In this post, there is a script to generate data for a logistic regression.
set.seed(666)
x1 = rnorm(1000,0,1) # some continuous variables
x2 = rnorm(1000,0,1)
z = 1 + 2*x1 + 3*x2 # linear combination with a bias
pr = 1/(1+exp(-z)) # pass through an inv-logit function
y = rbinom(length(x1),1,pr) # bernoulli response variable
df = data.frame(y=y,x1=x1,x2=x2)
glm( y~x1+x2,data=df,family="binomial")
From this script I want to 1. change the $x_2$ for a quadratic term in x1. In addition I want to 2. compare $x_1$ when not centred (change in mean
) and more or less variable (change in sd
). Below, I modified
set.seed(666)
x1 = rnorm(1000,0,1)
z = 1 + 2*x1 + 3*x1^2
pr = 1/(1+exp(-z))
y = rbinom(length(x1),1,pr)
df = data.frame(y=y,
x1=x1,
x2=x1^2)
glm( y~x1+x2,
data=df,
family="binomial")
Call: glm(formula = y ~ x1 + x2, family = "binomial", data = df)
Coefficients:
(Intercept) x1 x2
1.002 2.437 3.490
Degrees of Freedom: 999 Total (i.e.

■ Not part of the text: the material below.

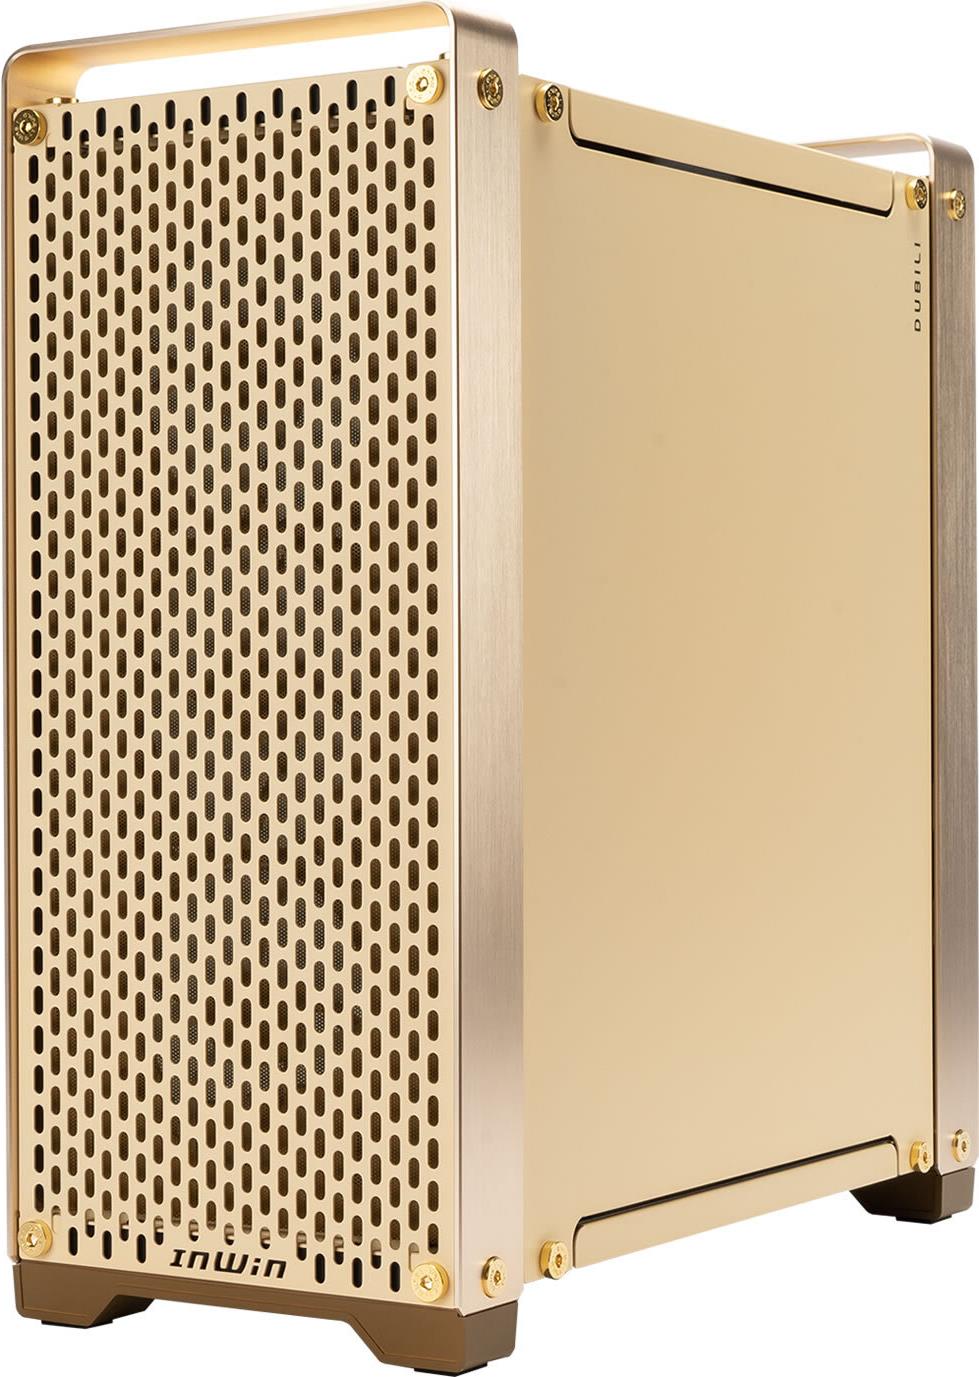 In Win DUBILI GOLD - Full Tower - PC - Gold - ATX - EATX - micro ATX - Mini-ITX - Aluminium - Gehärtetes Glas - 16 cm (DUBILI GOLD)

Null); 997 Residual
Null Deviance: 795.3
Residual Deviance: 615.9 AIC: 621.9
Warning message:
glm.fit: fitted probabilities numerically 0 or 1 occurred
The estimates seems a little off. But they are close to the coefficients that were theoretically put in the model. But as soon that I change the mean, the algorithm does not converge:
set.seed(666)
x1 = rnorm(1000,10,1)
z = 1 + 2*x1 + 3*x1^2
pr = 1/(1+exp(-z))
y = rbinom(length(x1),1,pr)
df = data.frame(y=y,
x1=x1,
x2=x1^2)
glm( y~x1+x2,
data=df,
family="binomial")
Call: glm(formula = y ~ x1 + x2, family = "binomial", data = df)
Coefficients:
(Intercept) x1 x2
2.657e+01 -2.351e-08 1.234e-09
Degrees of Freedom: 999 Total (i.e. Null); 997 Residual
Null Deviance: 0
Residual Deviance: 5.802e-09 AIC: 6
Warning message:
glm.fit: algorithm did not converge
The only way I found to get back to the same estimates was to standardize the raw data (which makes the mean = 0, so I'm back to the first example).
set.seed(666)
x1 = rnorm(1000,10,1)
x1=scale(x1)
z = 1 + 2*x1 + 3*(x1)^2
pr = 1/(1+exp(-z))
y = rbinom(length(x1),1,pr)
df = data.frame(y=y,
x1=x1,
x2=x1^2)
glm( y~x1+x2,
data=df,
family="binomial")
Call: glm(formula = y ~ x1 + x2, family = "binomial", data = df)
Coefficients:
(Intercept) x1 x2
0.9872 2.4292 3.5237
Degrees of Freedom: 999 Total (i.e. Null); 997 Residual
Null Deviance: 787.8
Residual Deviance: 605.7 AIC: 611.7
Warning message:
glm.fit: fitted probabilities numerically 0 or 1 occurred
So how is it possible to get the logistic estimates = what was theoretically put in the linear combination, but with an $x_1$ that is e.g. x1 = rnorm(1000,10,2)?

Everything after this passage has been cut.